От радостных мыслей Алевтину Максимовну отвлек неясный шум. Женщина оглянулась, никого не заметила, махнула рукой и продолжила путь.
Должно быть ветер разгулялся. Решил пошалить. Погода нынче премерзкая.
Хрустнула ветка. Закричал ворон. Да так пронзительно, что Алевтину Максимовну одурь со страху взяла.
Визгнула. Подпрыгнула. Заозиралась по сторонам, покамест ей не привиделся прячущийся за ближайшей елью высокий, темный силуэт.
– Кто вы будете? Зачем преследуете меня? – в голосе женщины чувствовалась бравада, подпитываемая еще не совсем растворившимися в голове пузырьками от шампанского.
– Алевтина…
Узнав этот голос, она облегченно вздохнула.
– Ах, это ты… Испужал, охальник окаянный! – Будь он рядом, огрела бы по плечу. Это ж надо так подкрасться! – Уходи! Не об чем мне с тобой лясы точить!
Алевтина Максимовна отвернулась, дабы продолжить путь, и не увидела, как в руке ее знакомца блеснуло лезвие острого ножа…
***
[1] Аналогичный паспорту документ жёлтого цвета, который давал право легально заниматься проституцией.
[2] Женщина легкого поведения, куртизанка, кокотка.
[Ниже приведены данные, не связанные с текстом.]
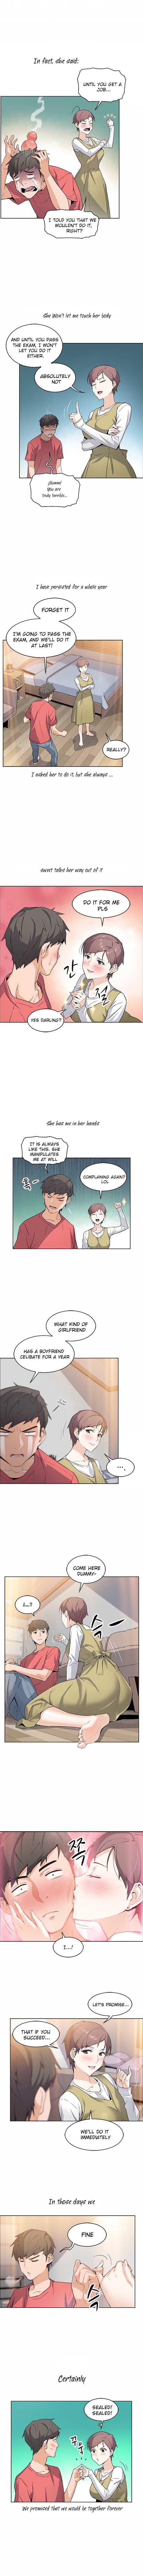 Vip Housekeeper [Neck Pillow, Paper] Ch.49/49 [English] [Manhwa PDF] Completed Stud - Page 7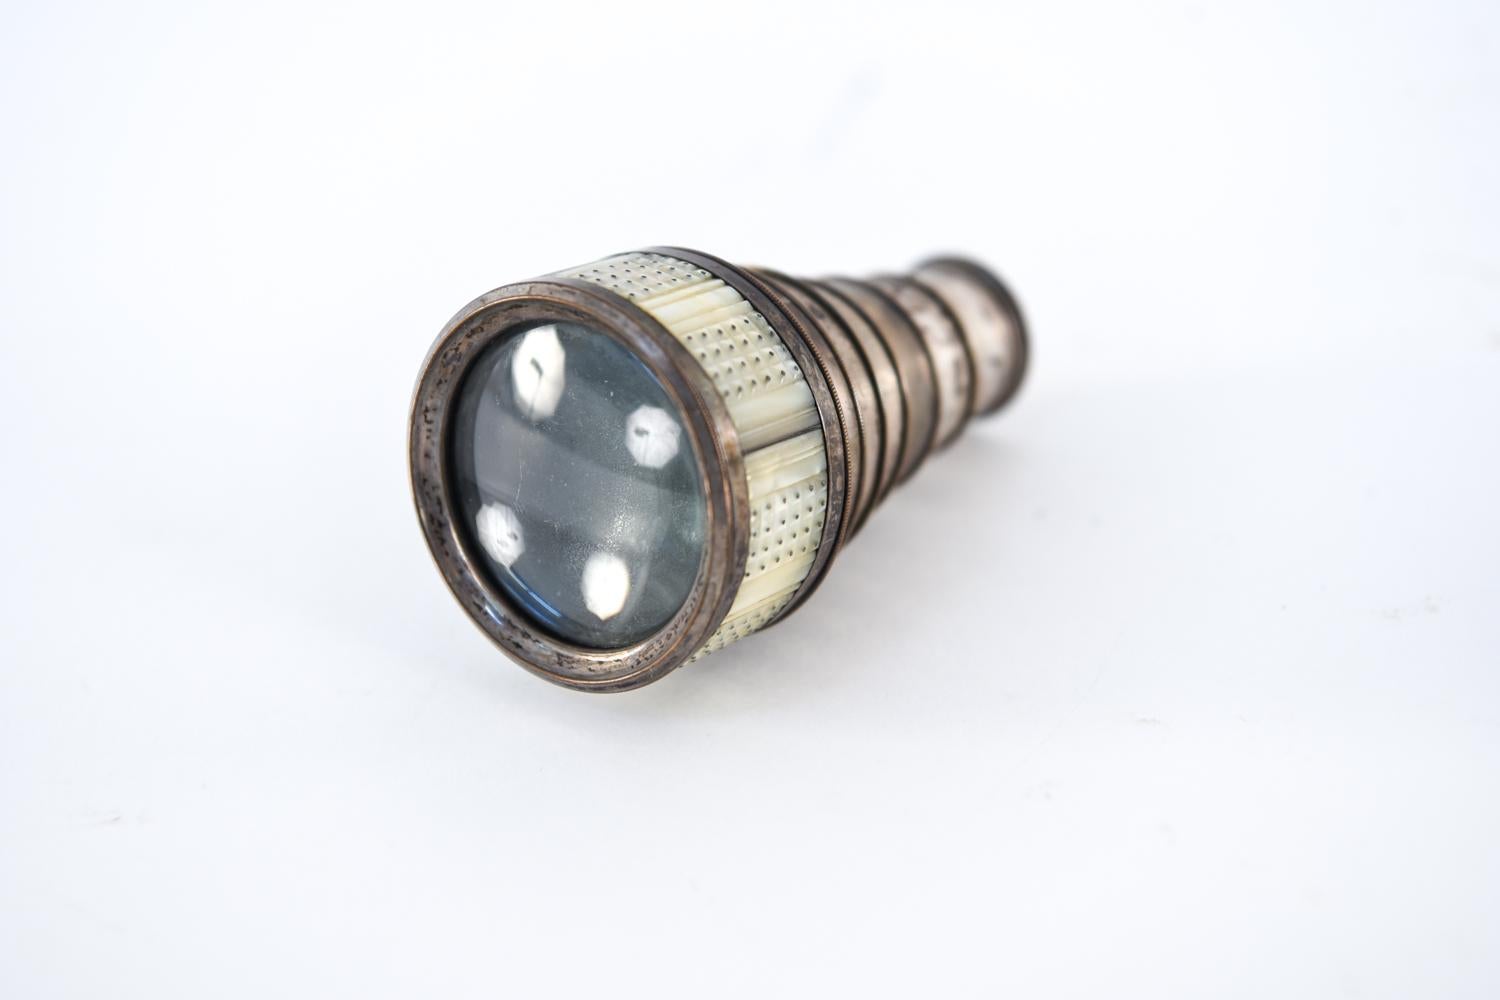 This miniature spyglass - also called a monocular pocket telescope - dates to the early 19th century and features lovely silver-beaded mother of pearl inlay. Case unscrews below 4th and 7th draws for cleaning and lens replacement. Apparently

Вошло в обиход под влиянием романа А. Дюма «Дама с камелиями».
Глава 1, Где смерть – не повод для отчаяния.
– Глаша, неси воды! И нашатырный спирт, он в моем комоде в верхнем ящике!
– У кого-нибудь имеются нюхательные соли?
– Вот туточки, Инесса Ивановна…
– Ефим Ефимыч, это нюхательный табак. Сонечке он ни к чему.
– Сергей Данилович, миленький, прикажите послать извозчика за доктором!
Женские вопли и мужские причитания, доносившиеся до моего сознания как сквозь ватную толщу, бесцеремонно выдернули меня из объятий блаженной тишины.
Голова разрывалась от боли. В ушах звенело. К горлу подкатывала тошнота. А потому вставать, чтобы вычислить источник шума, я не торопилась. И так понятно, что новые соседи разгулялись. В третий раз за неделю я к ним разбираться не пойду.
Покричат и успокоятся…
Внезапно в нос ударил запах нашатырного спирта. Легкие будто опалило огнем, заставив меня втянуть воздух, распахнуть глаза и стремительно подскочить на узкой кушетке.
– Какого хре… – столкнувшись с уставившимся на меня десятком пар глаз, я проглотила окончание своей проникновенной речи и зашлась в кашле.
– Сонечка, милая, – склонившаяся надо мной хрупкая седовласая старушка похлопала меня по спине. – Ты нас всех напугала. Что с тобой приключилось?
Какой интересный вопрос. Мне и самой любопытно.
Недоуменно моргая, я оглядела ярко освещенную льющим из окна солнечным светом незнакомую, но довольно уютную комнату. Синие обои с цветочным орнаментом. Пылающий камин с гипсовыми львами. И мебель, будто из антикварной лавки.
Я что, в музее?
Взгляд переместился на окружавших меня людей. Женщины – пятеро, и все пожилого возраста – были одеты в длинные старомодные платья пастельных тонов. Прически, волосок к волоску, собраны на макушках. Белые перчатки. Накрахмаленные воротнички. Двое мужчин, в свою очередь, красовались в выглаженных пиджаках и брюках.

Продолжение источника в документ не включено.